In the experiment, the input power of the antenna (incident power minus reflected power) was 33 W. The same level of power was used for the calculation. The duration of exposure to microwave radiation was 60 s in both cases. The volumetric perfusion rate was set at 0.0, because the methodology employed extracted organs; In a real-life situation, the effect of blood flow is represented by the volumetric perfusion rate.

shows the calculated and experimental results, in which the discoloured (white) area corresponds to the coagulated region. In the experiments, a coagulated region is observed between the upper slot and the antenna tip, and around the antenna axis, whereas the calculation only predicts a coagulated region between the upper slot and the antenna tip.

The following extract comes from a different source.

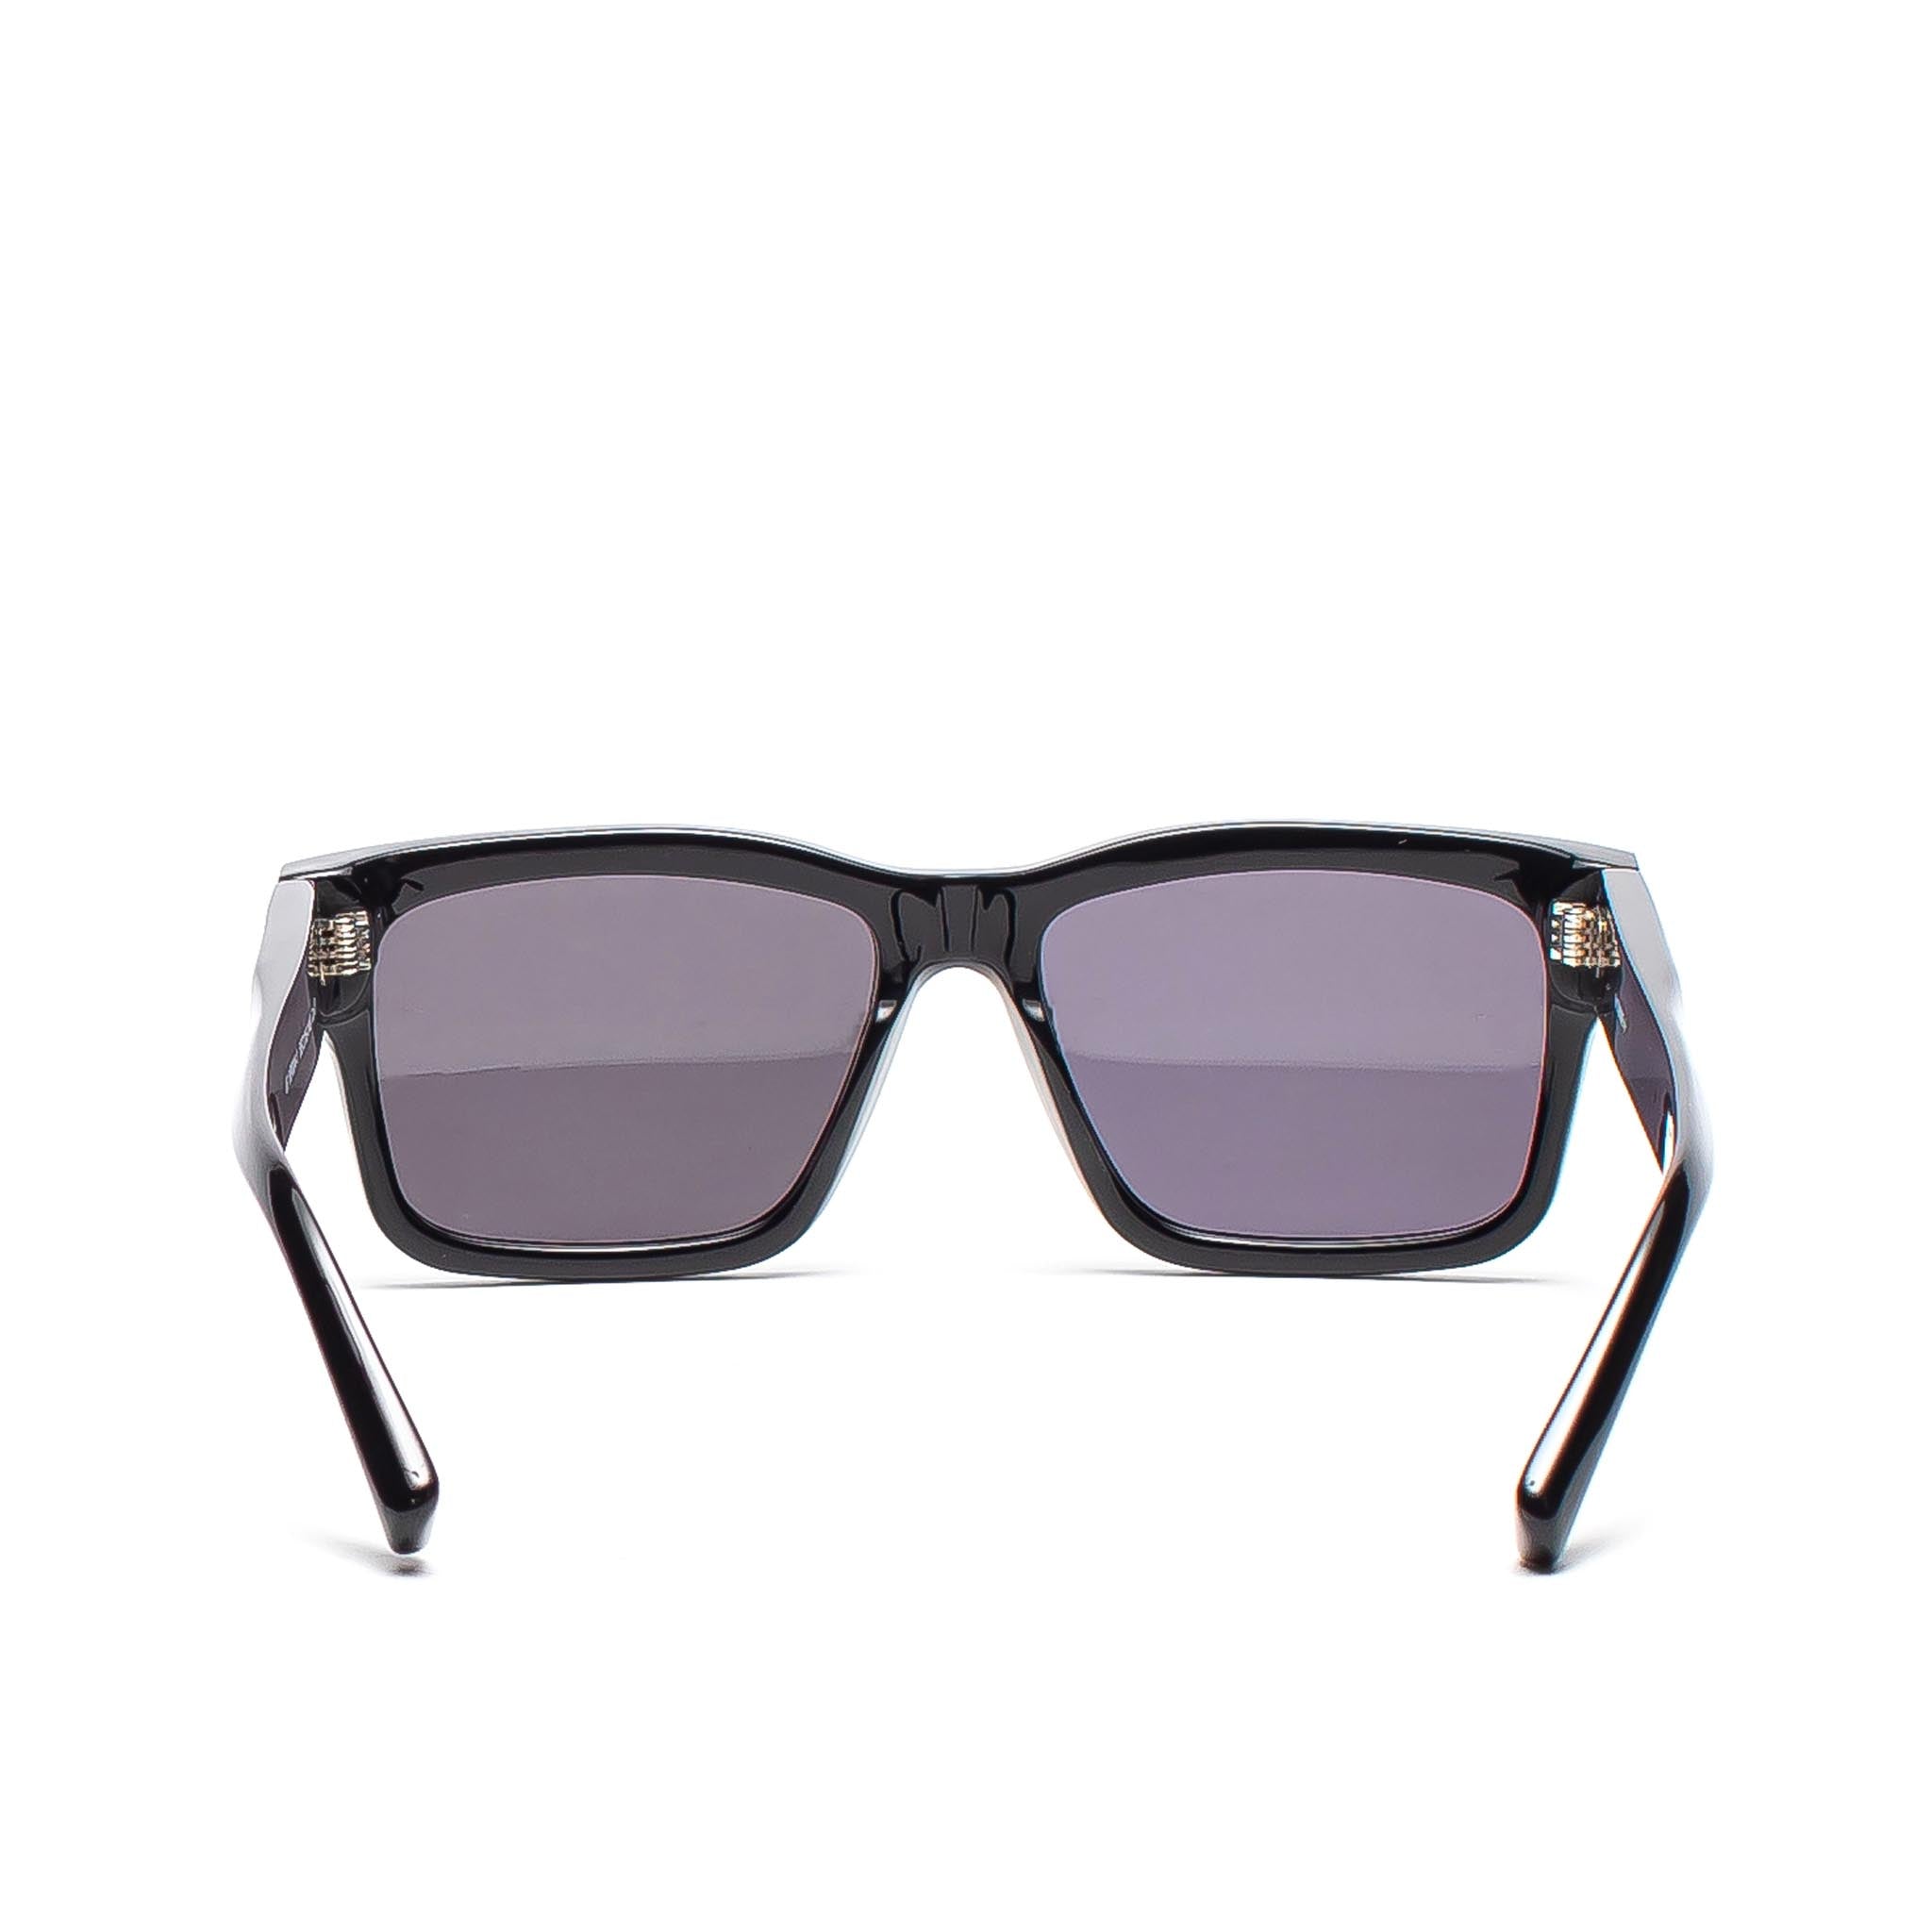 HOMME+ HP004 Sunglasses Black

Figure 4. Experimental and calculated results.

Figure 4. Experimental and calculated results.

Discussion

In the experiment, the maximum length of the coagulated region in the x-direction is 15.0 mm, compared with 19.5 mm in the calculation (see ), representing a difference of ∼23%. This difference is not small; nevertheless, except that described below, the shapes of the coagulated regions are similar. The coagulated region around the antenna axis in the z-direction (z > 25 mm) could not be calculated. This coagulated region is generated due to Joule heating by the antenna’s metallic section. This phenomenon is not included in the numerical calculation of the electromagnetic field. Therefore, the problem is not related to the calculation of the coagulated region. For a highly accurate estimate, the electromagnetic analysis must be improved.

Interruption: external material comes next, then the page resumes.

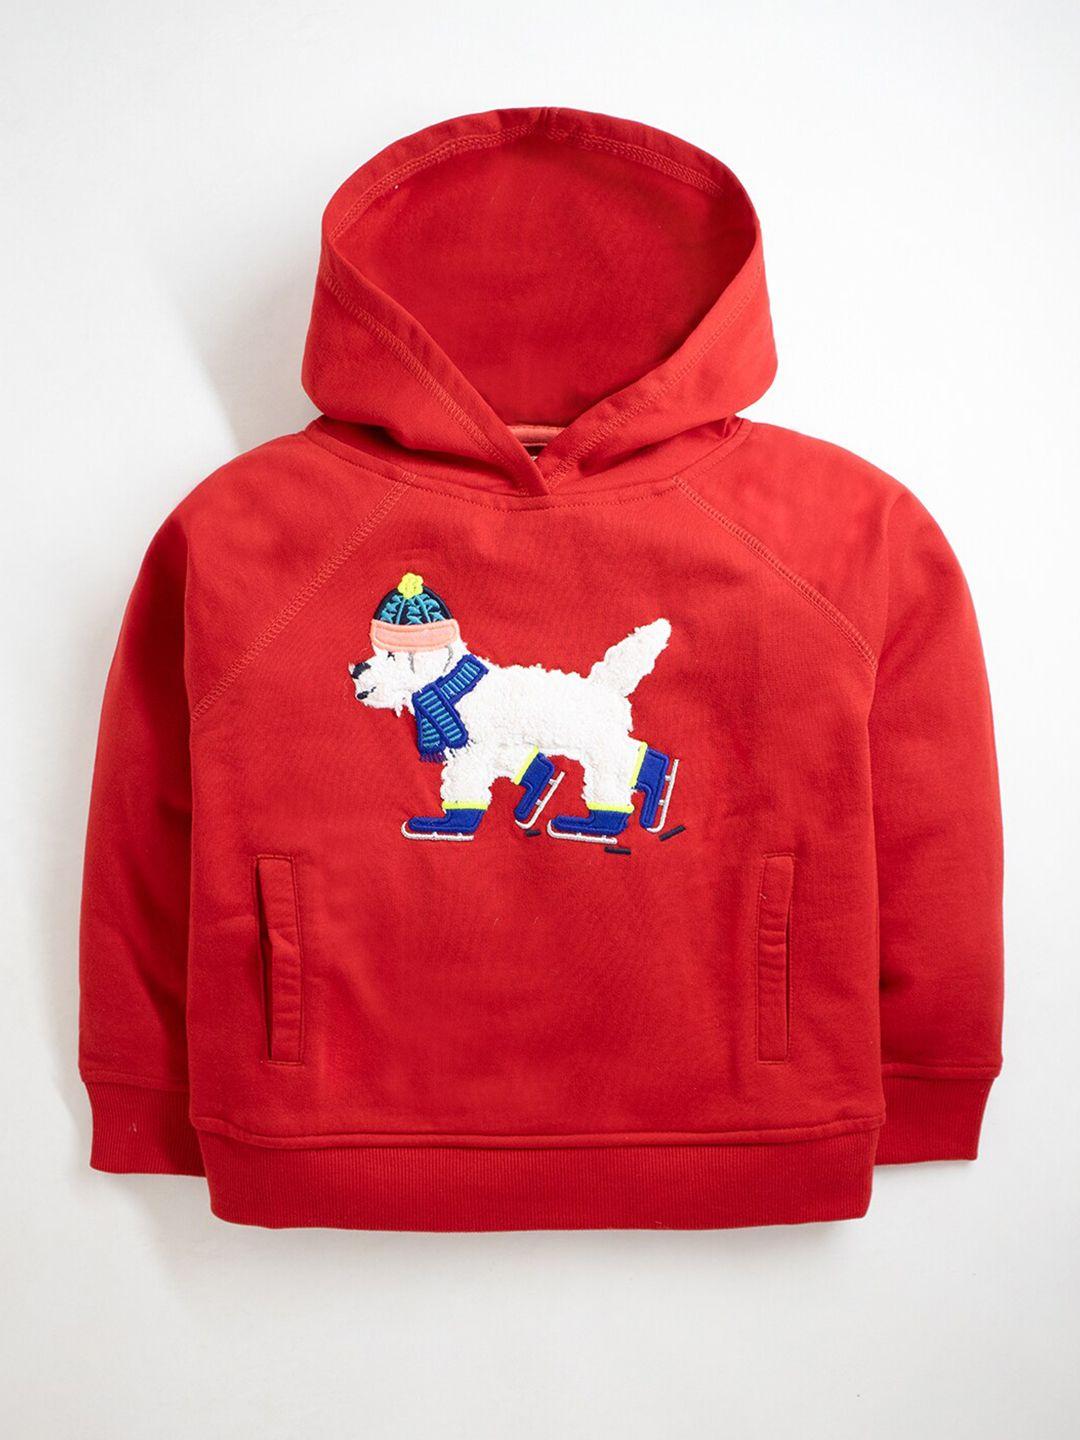 cherry crumble unisex kids red embellished hooded sweatshirt

The validation results suggest that the scheme proposed here can be used for estimating coagulation in tissue. However, as the present study only considered coagulation in liver tissue, the relationship between temperature and coagulation time should also be investigated for other organs. In coagulation of tissue, microwave energy heats up the tissue to a high temperature of around 100 °C. For a highly accurate estimate, variations in physical properties, such as the electrical and thermal constants of the tissue, may be considered.

Conclusion

This article describes a method for calculating the “coagulated region,” one of the most important indices for MCT, rather than SAR and temperature distribution. The validity of the calculation method was found by comparison with the calculation and the measurement. In future studies, changes in the physical properties of the tissue through temperature increases will be investigated for more accurate estimation. In addition, the effectiveness of the evaluation method presented here should be clearly established by comparison with practical methods.

Acknowledgements

The authors would like to thank Kenta Suzuki, at the Graduate School of Engineering, Chiba University, for his valuable assistance.

Disclosure statement

The authors report no conflicts of interest. The authors alone are responsible for the content and writing of the article.